About this task: Pictures stay out of the output. Return exactly the lines below from the one with "TAX INCREMENT FOR" down to the one with "Borgeson - AN", both included, and nothing more.

Data section:
=======

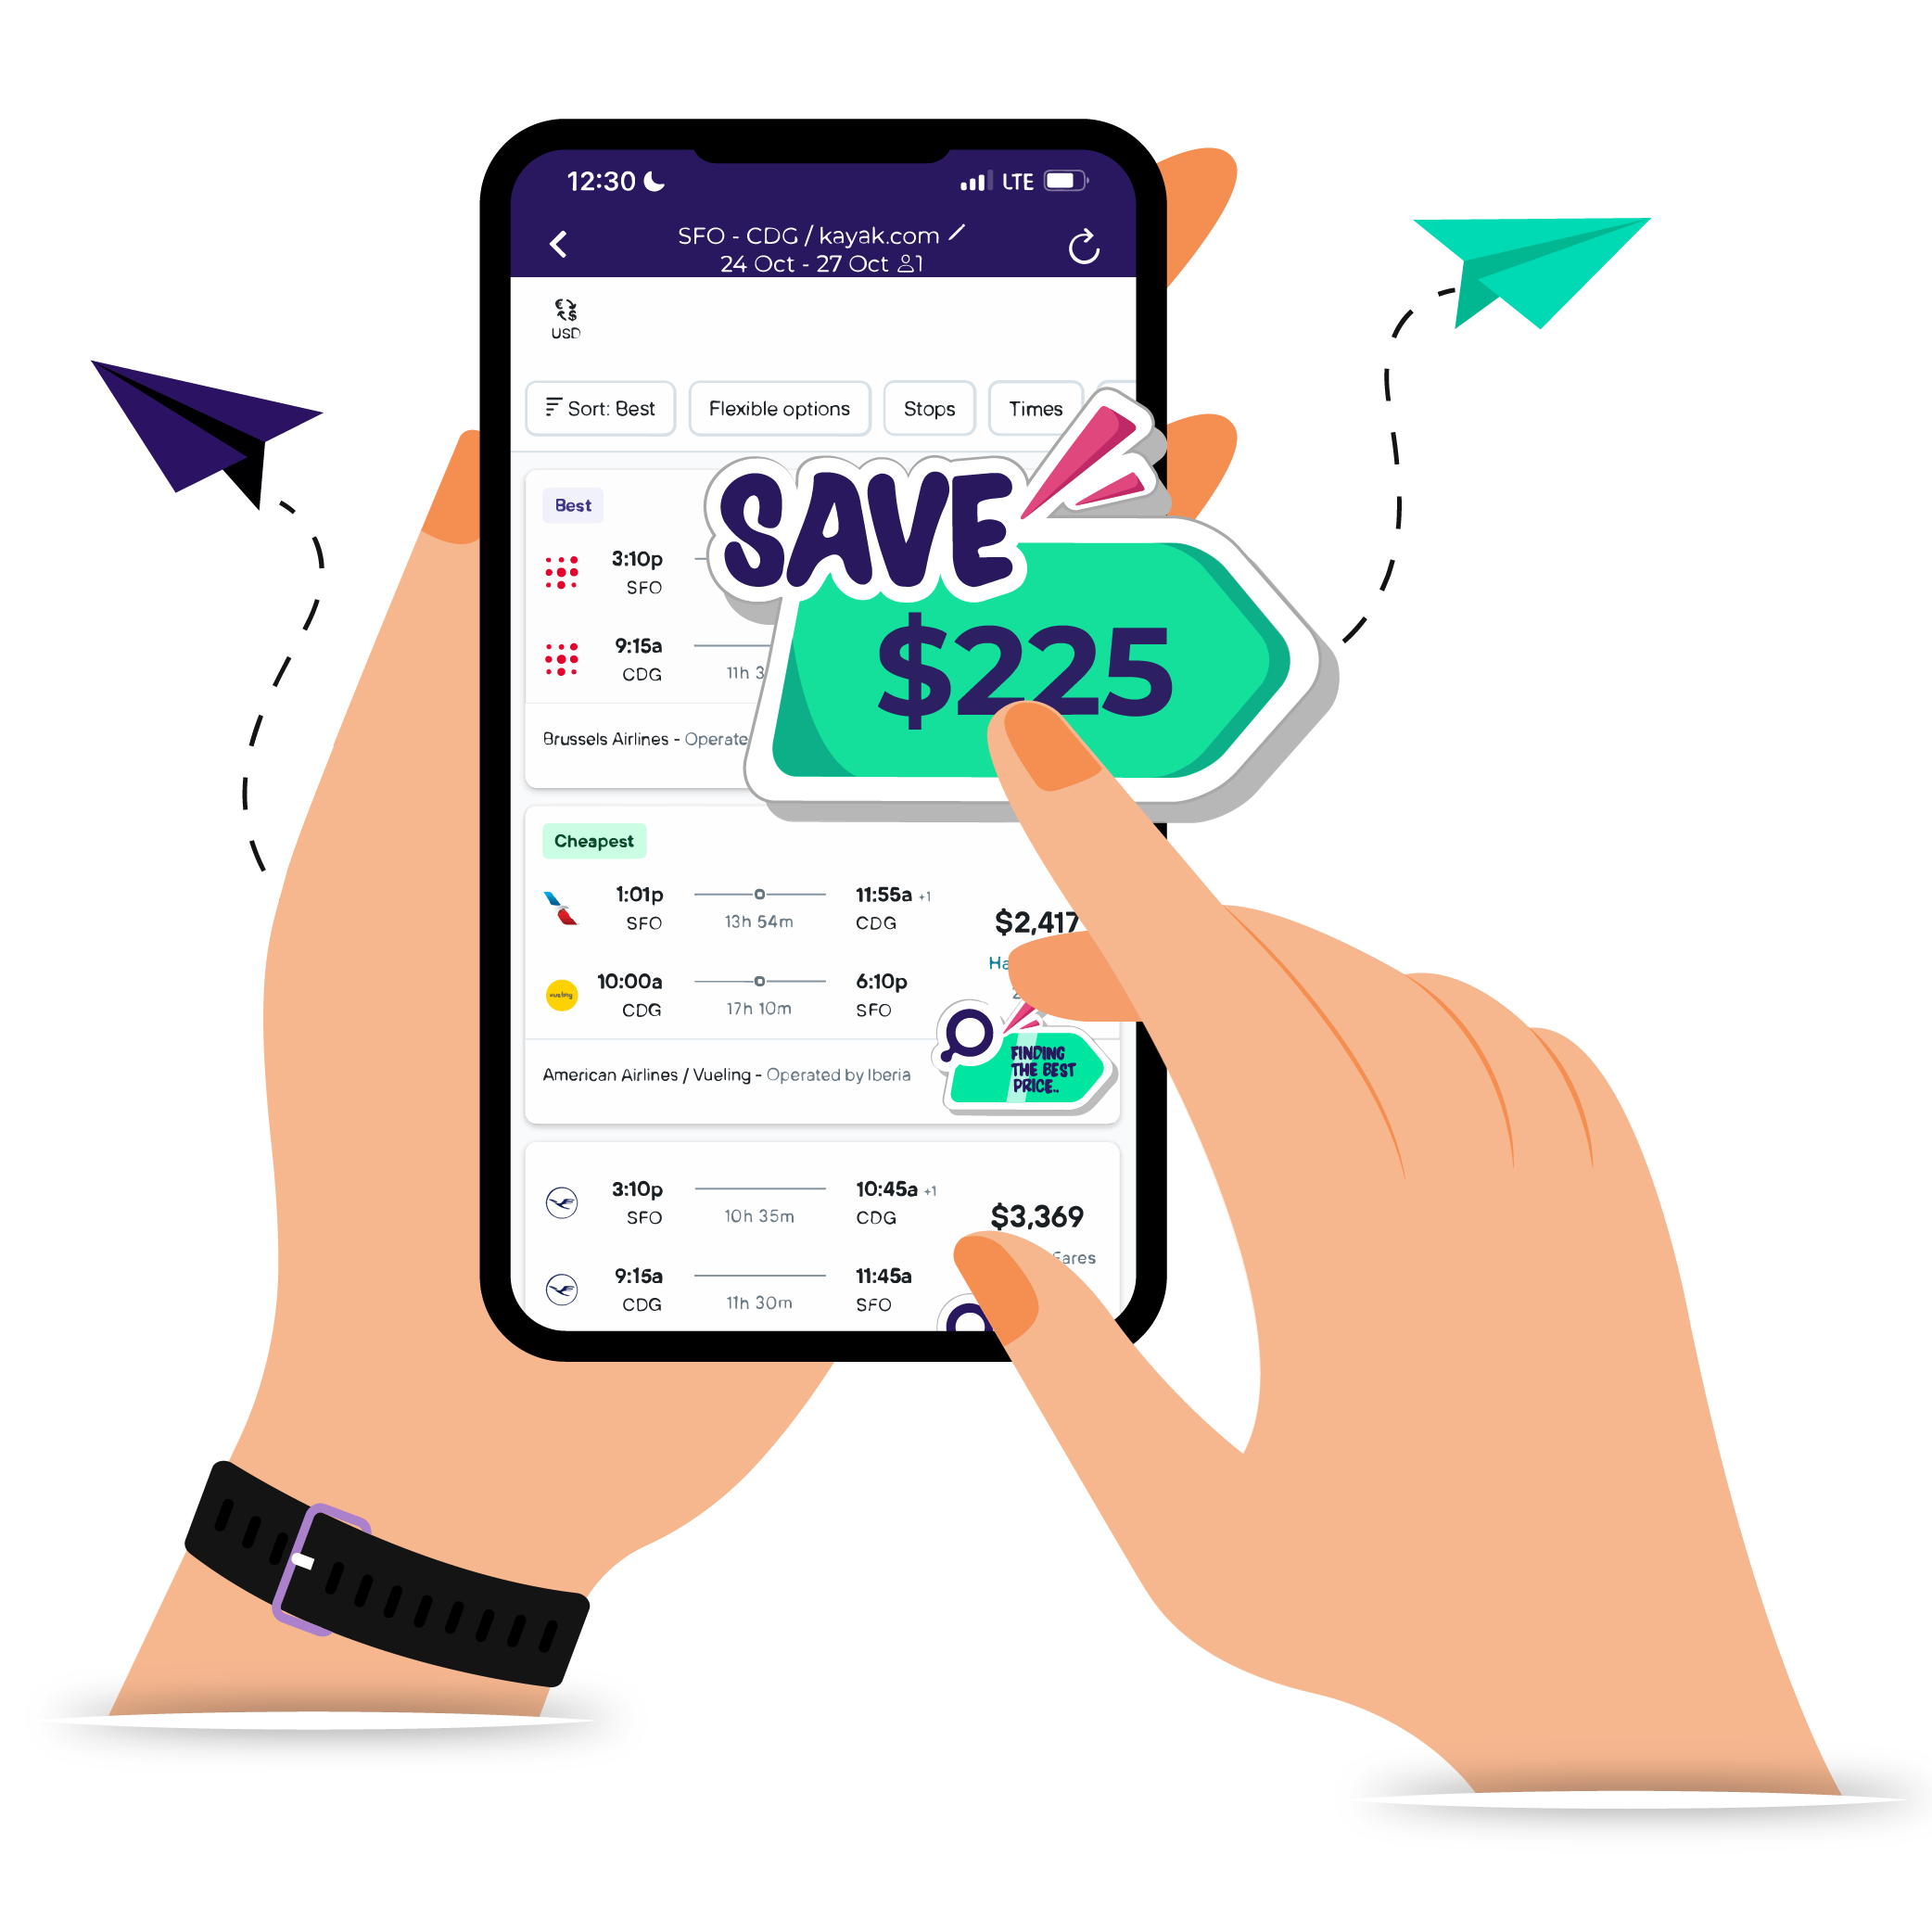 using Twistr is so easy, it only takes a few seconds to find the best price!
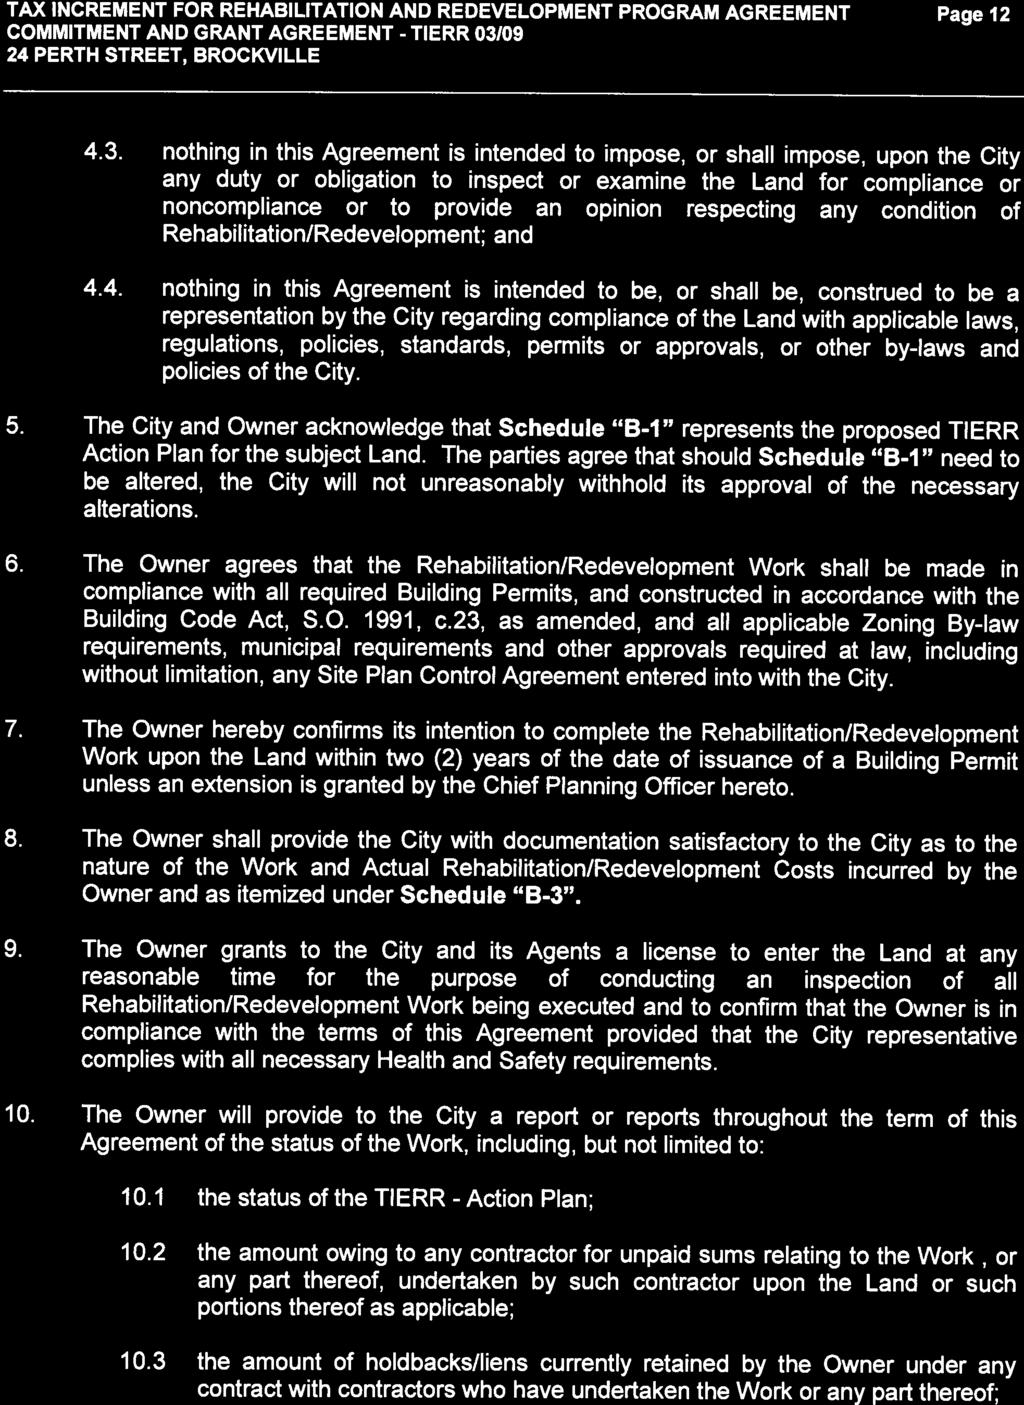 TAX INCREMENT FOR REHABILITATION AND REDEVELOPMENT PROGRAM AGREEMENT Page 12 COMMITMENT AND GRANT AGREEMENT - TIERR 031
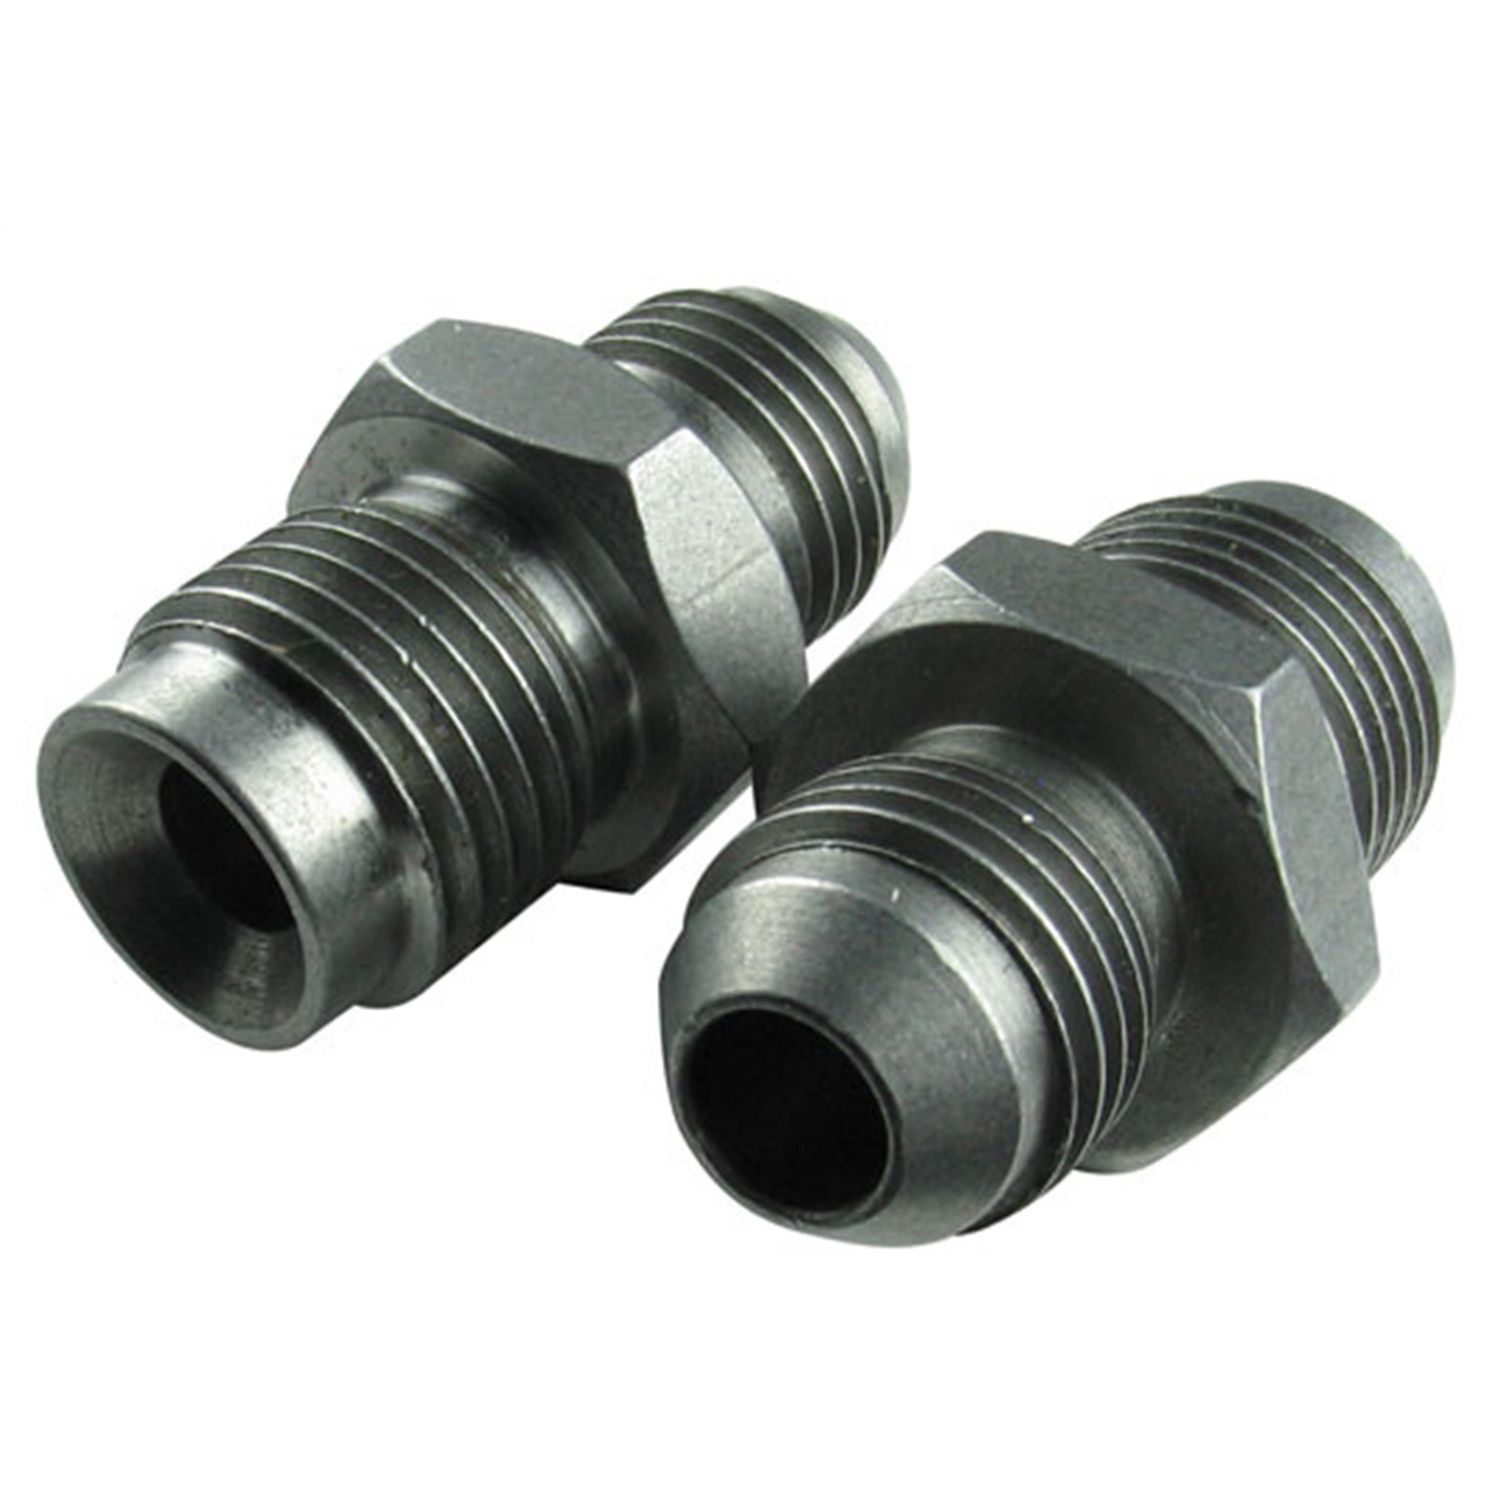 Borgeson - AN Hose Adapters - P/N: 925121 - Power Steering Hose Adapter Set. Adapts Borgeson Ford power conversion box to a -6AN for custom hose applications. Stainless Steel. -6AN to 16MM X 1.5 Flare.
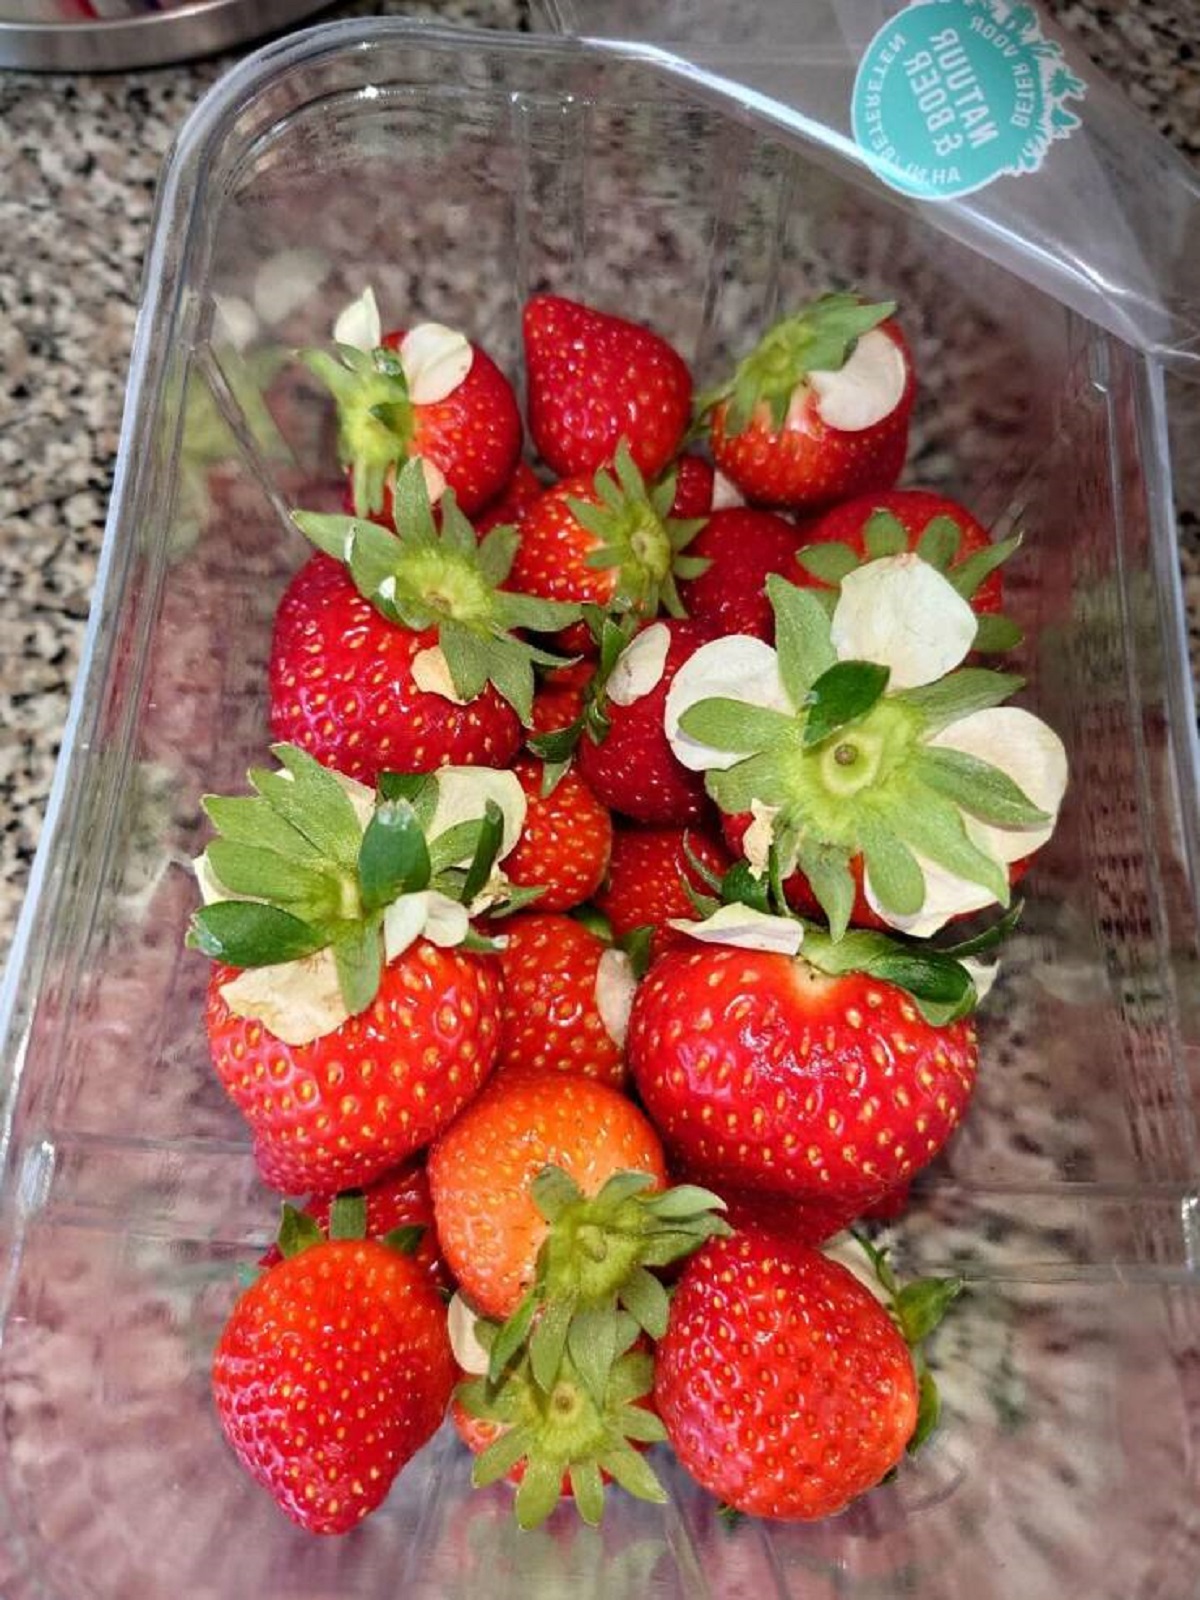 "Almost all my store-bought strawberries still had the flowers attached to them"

=======

Exercise response:
 TAX INCREMENT FOR REHABILITATION AND REDEVELOPMENT PROGRAM AGREEMENT Page 12 COMMITMENT AND GRANT AGREEMENT - TIERR 031
 Borgeson - AN Hose Adapters - P/N: 925121 - Power Steering Hose Adapter Set. Adapts Borgeson Ford power conversion box to a -6AN for custom hose applications. Stainless Steel. -6AN to 16MM X 1.5 Flare.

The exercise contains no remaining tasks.